I felt like watching her, her greatest resilience training in life was riding the school bus. I didn't want that for her, I wanted more for her, for us, and for it all. I somewhat recently did my StrengthsFinder and my top five are Strategic, Achiever, Competition, Positivity, and Learner. So, I really have realized that the combination of that, I love to learn. So, I'm listening to audiobooks and everything I can get my hands on, and that always lights up my brain and kicks it into strategic gear, which then, once I see the goal, I hit the achiever button. Competition, the desire to have mastery and be the best, and then continuing to move forward with positivity through the resilience phase to cycle back to learner. So, that definitely, learning and actively learning, is an important piece.

I think honestly, part of it too is I look at the trends, not in industry. In fact, I rarely look in industry myself, other than when ChatGPT or something like that shows up and completely changes the global marketplace. But I'm watching the trends and the patterns of, what are people talking about? What are people doing and where is the world going? With a highly developed skill of pattern recognition, that really helps to chart my path, so that I feel like I can, using a good Canadian hockey analogy, shoot the puck not to where the skater is, but where they're going to be, and keep us always moving ahead and inspired and excited about what lays in the future.

I think it is answering what I call the Krista's Three Critical Questions. So, question number one is, what business do you want to be in? Question number two is, what life do you want to lead? Question number three is, who do you want to serve? Questions one and two, you can think of them almost in an infinity loop, because every business decision that you make, as far as what business you actually want to be in, what do you want to be doing each day when you get up and go to your work hours, that has a lifestyle implication. Every lifestyle decision you make has a business implication. So, getting those two in harmony and then being able to productize and monetize it in a way that serves that amazing ideal client, and I really believe that a person's ideal customer is a former version of themselves. I think when you look at the seasons through which you've lived your life, you can find that when you tap into that as your ideal customer, you can help them uniquely in a way nobody else can.

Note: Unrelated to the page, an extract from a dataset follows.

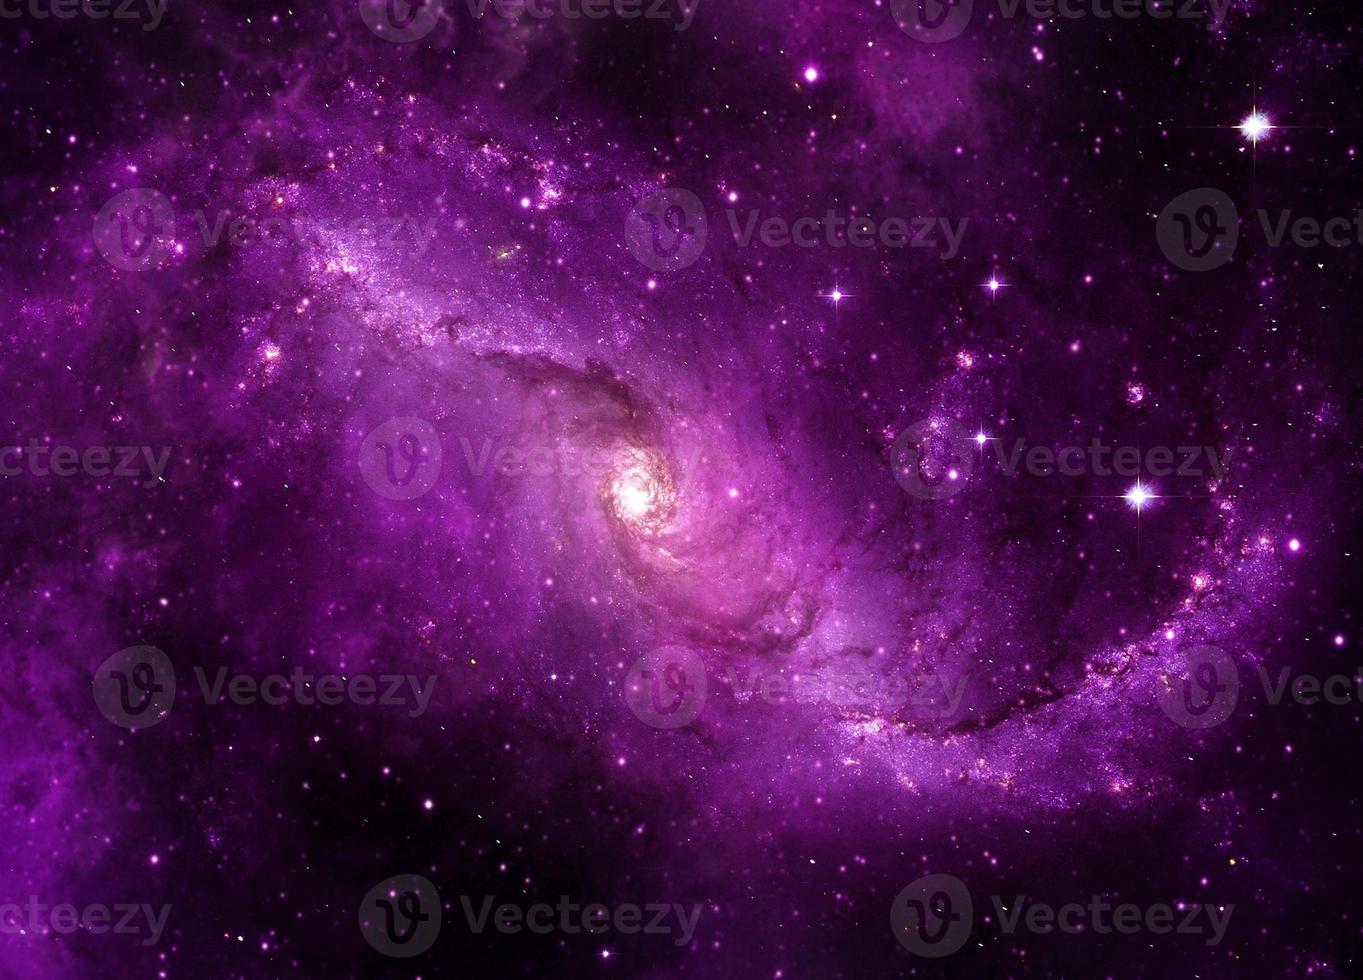 viola drammatico panorama notturno della galassia dallo spazio dell'universo lunare sul cielo notturno foto
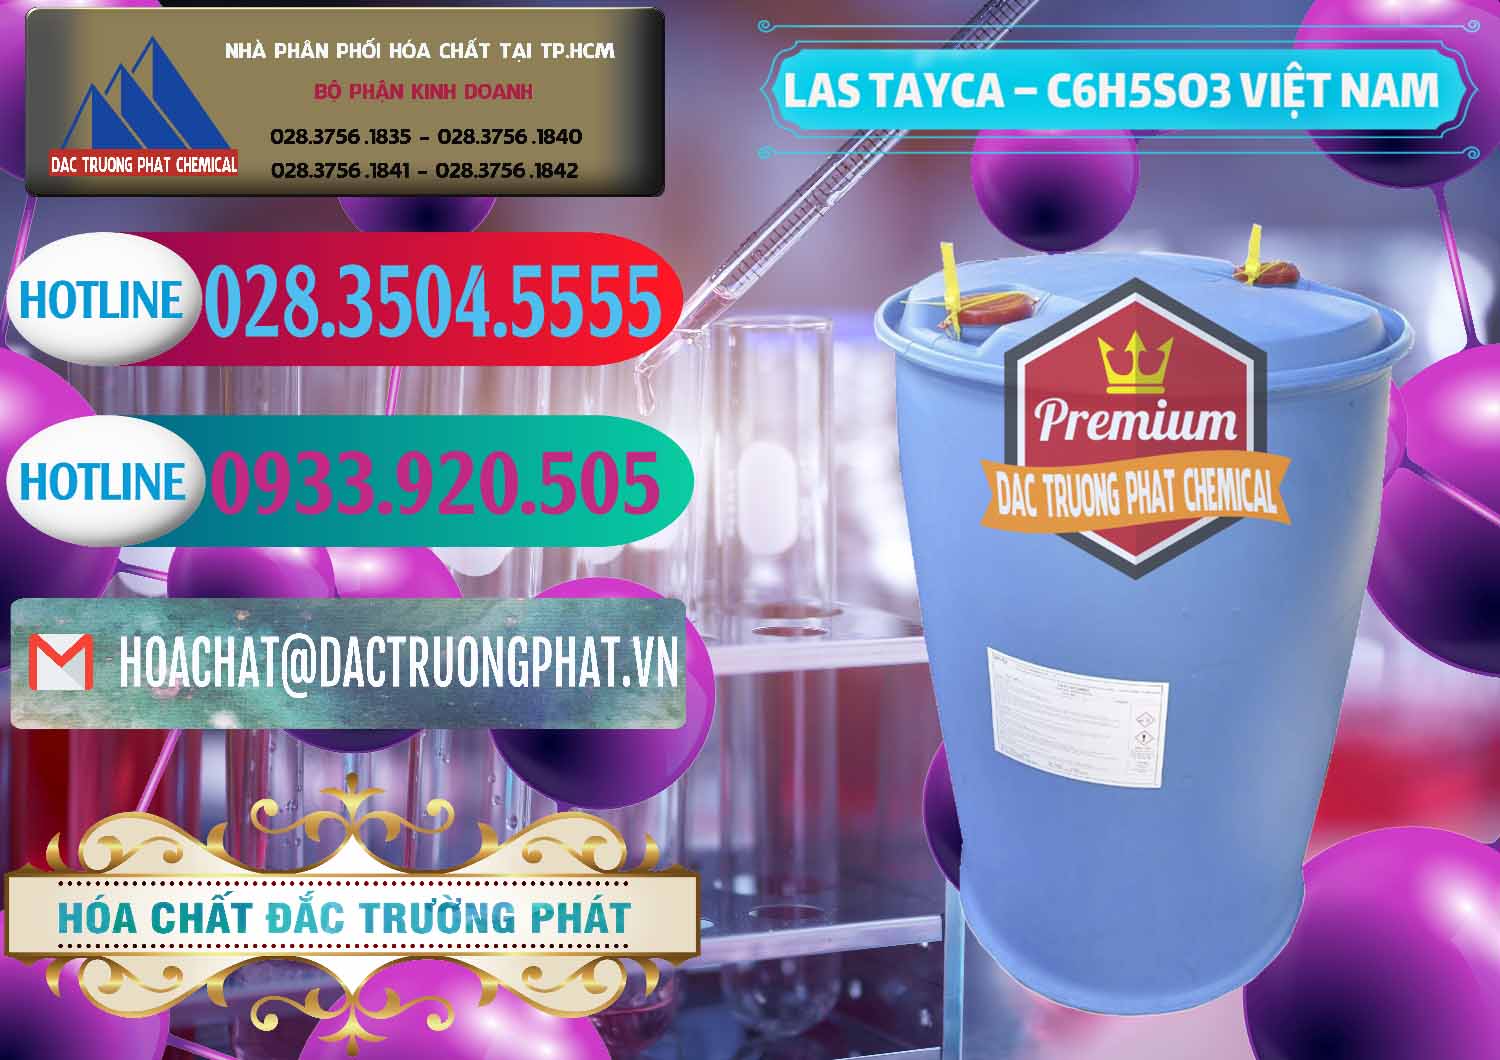 Cty bán & phân phối Chất tạo bọt Las Tayca Việt Nam - 0305 - Chuyên cung ứng _ phân phối hóa chất tại TP.HCM - truongphat.vn

You can continue to lay the foundation for an evolutionary customer journey, that then as you continue to grow and evolve, creates a long tail of opportunity for the customer to consume as well. I think just on that one, what business do you want to be in question... Like for example, when I franchised Organized For Life, if someone would've said, and I interviewed 23 different franchisors before I franchised, never once did someone say, "What business do you want to be in?" Because I would have said, building and growing the best organizing company on the planet. What I realized in horror a week or a day later after I had my inch and a half thick franchise agreement, is that I was now in the business of selling franchises. I didn't want to be in that business ever.

So, just by choosing the wrong growth model, it put me in a situation that I couldn't get out of, besides the Jerry Maguire moment walk away. Starting with the life you want to lead first, this desire I've had for this gypsy, world-preneur thing that we're doing, it's been a dream in my heart forever. I just didn't have the courage to listen and be honest with myself when I answered the question, what life do I want to lead? Because if I put that front and center, I would've built everything different the first time. But that's also the beauty of the journey, right? Is we're going to make so many mistakes along the way, and that's where all the magic is.